Was betreib ich denn für eine Art des Angelns wenn ich keine Fische esse. Sehe da schon einen Zusammenhang mit C&R.


----------



## Aali-Barba (31. Dezember 2004)

*AW: Angeln aber kein Fisch Essen*



			
				Geraetefetischist schrieb:
			
		

> @ Aali-Barba
> 
> 
> Wie darf ich mir das (mit dem genug von einer Art) vorstellen? Wenn Du Zanderfilet hast das es Dir zu den Ohren wieder rauskommt, dann angelst Du auf Hecht?
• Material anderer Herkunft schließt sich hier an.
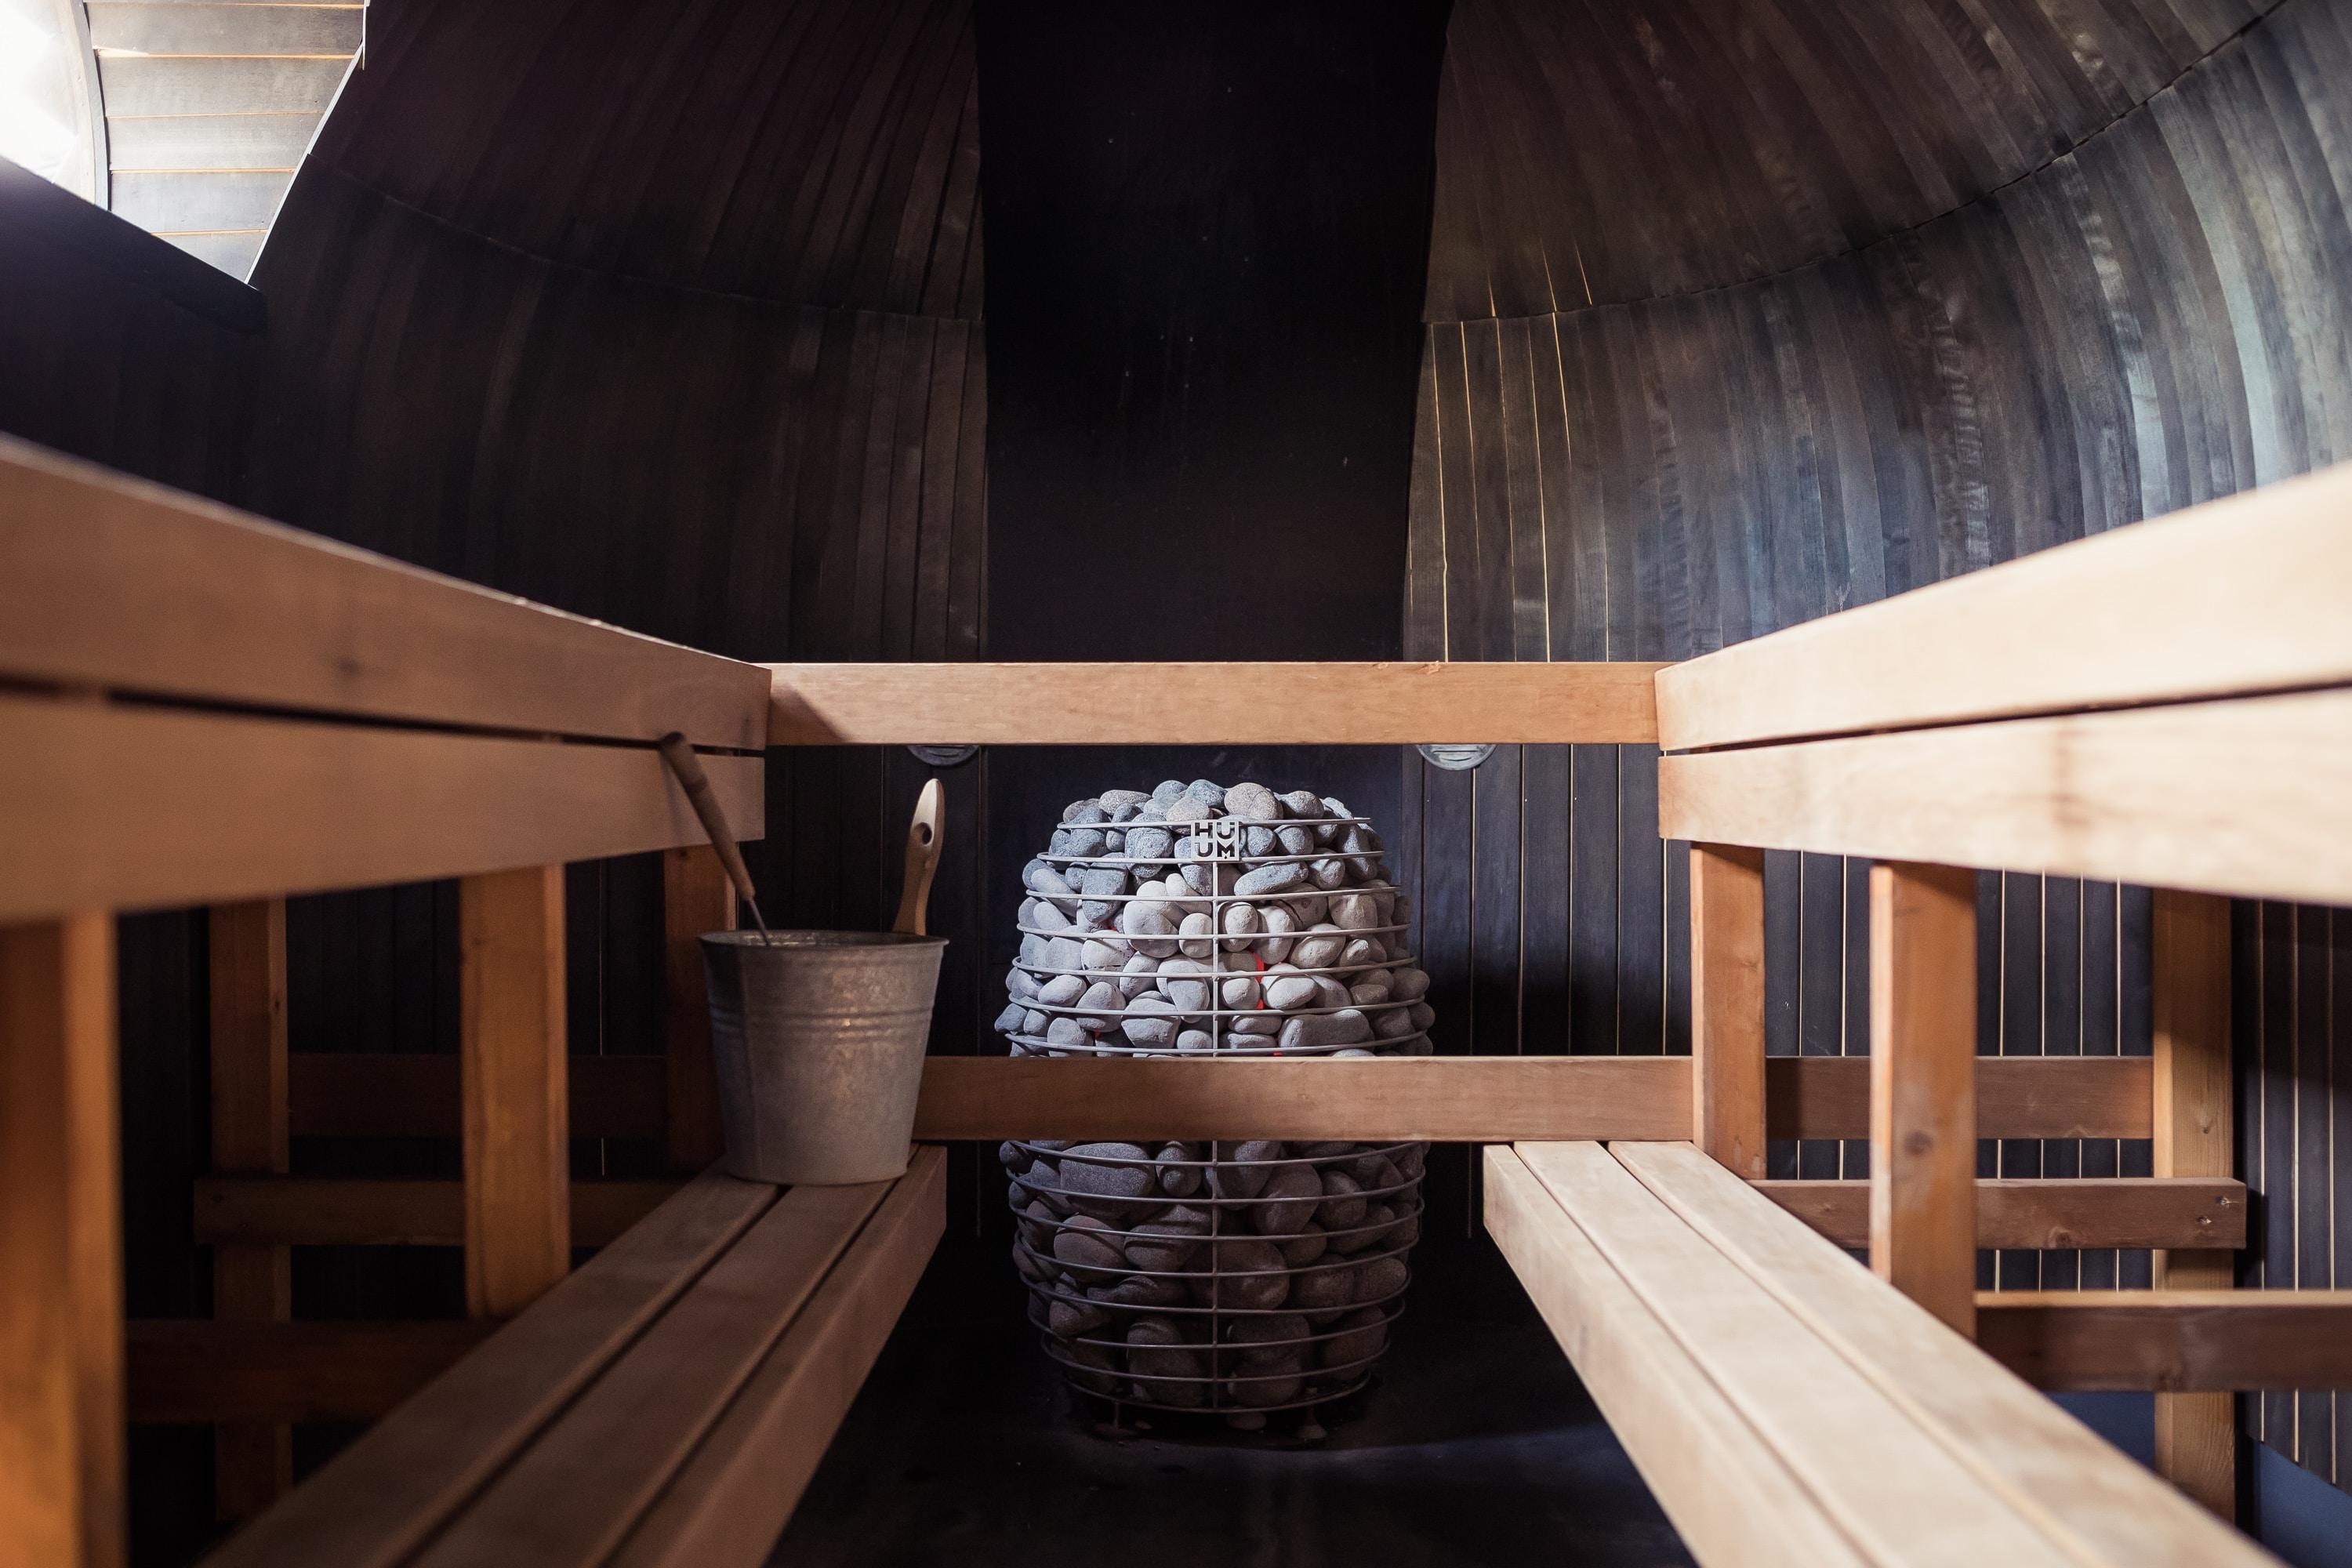 Co daje sauna? Jakie są korzyści saunowania? 5 powodów dla których warto korzystać z sauny. Relaks – relaks i odprężenie to największe zalety korzystania z sauny. Sauna – właściwości i przeciwwskazania 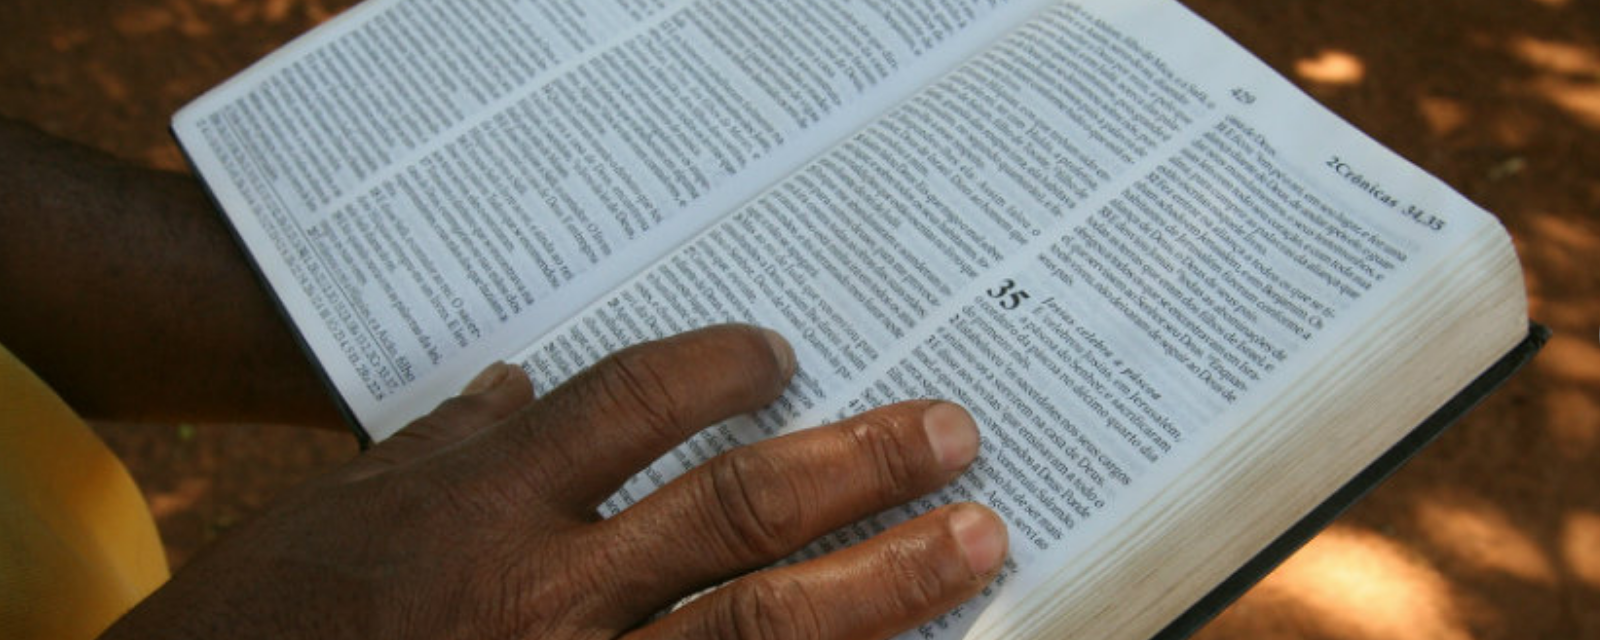 Mão em uma bíblia, simbolizando a reflexão bíblica Buscando as raízes do Deuteronômio.

Frage 1. Willst Du den dann noch essen, ist ja schon genug Zander da. Frage 2. Was soll das Bringen statt dass man zuviel an Filet (zander) jetzt noch Hecht obendrauf produziert.
> ...


Ich weiss so ziemlich genau, worauf Du raus willst, aber es sei Dir gesagt, dass Du für das Pro C&R nicht das geringste bewiesen hast, wenn Du am Contra C&R einen Fehler findest. 

Fakt ist - und das nur aus meiner Sicht - dass es zwei verschiedene Grundsätze beim Angeln gint:

Der eine ist der Fang mit der erkennbaren Bereitschaft zur Verwertung. Dazu zähle ich mich. 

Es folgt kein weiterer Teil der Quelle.